I must admit here and now: I am far from a granola-munching, REI-sporting, Teva-sandal-and-socks-wearing kind of girl. I like nature, I do. But at the core, I’m a city girl. I like variety. I like innovation. I like a breathless array of ethnic cuisine at the ready when I have a particular exotic hankering. I also like white linen tablecloths. And I really like a good cupcake. To my knowledge, Seattle’s natural beauty has yet to produce cupcake trees. It does, however, produce fantastic cherries, unbelievably sweet onions, unmatched specimens of salmon and crab. And those things are almost as good as cupcakes (okay, they’re better).

 

So I’m bragging a bit.
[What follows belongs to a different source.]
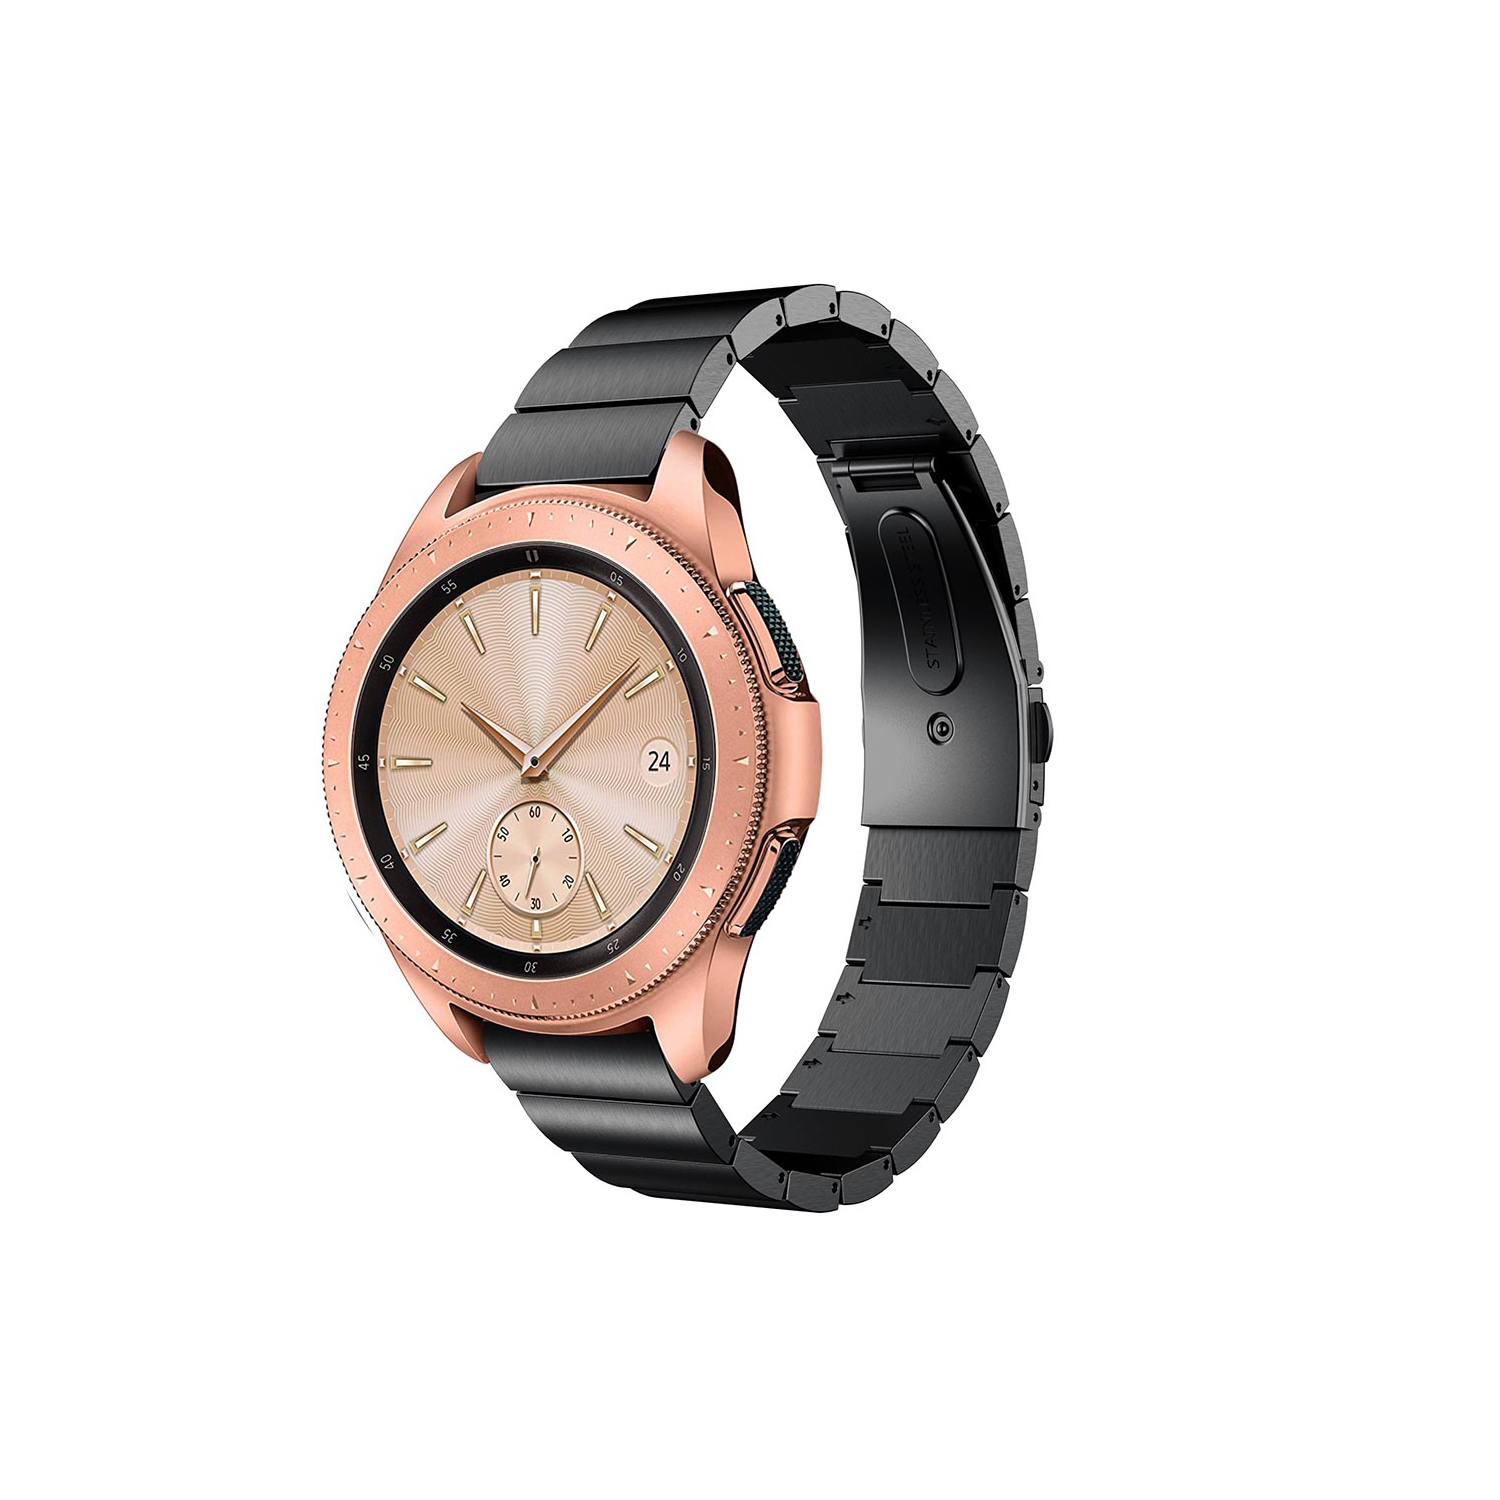 StrapsCo Bracelet Watch Band Compatible with Samsung Galaxy Watch, Galaxy Watch Active, Gear S3 & Gear Live - 20mm - Black

I live in a place literally bursting with organic, local, sustainable, honestly grown food where you can still put a face to a farmer. And I also live in a place where young chefs are flocking, where new ideas about food and how you interact with it are taking root, where there’s a spirit of innovation that more famous food towns simply don’t have the freedom to entertain. In so many ways, Seattle is a perpetual underdog, somehow always on the verge of greatness but never quite getting to the big time (ask any Seahawks fan).

 

I say, to heck with greatness. Without the spotlight shining so brightly, we’ve got room to do almost anything we want. From underground restaurants to hilarious online cooking shows, from mega-chefs with trademarked snack mixes to an achingly authentic taco truck, from nine-course feasts to a local greasy burger joint offering the best soggy fries and health insurance, Seattle can do it all. And I’ll share it all, with you.

 

Never, ever underestimate the underdog.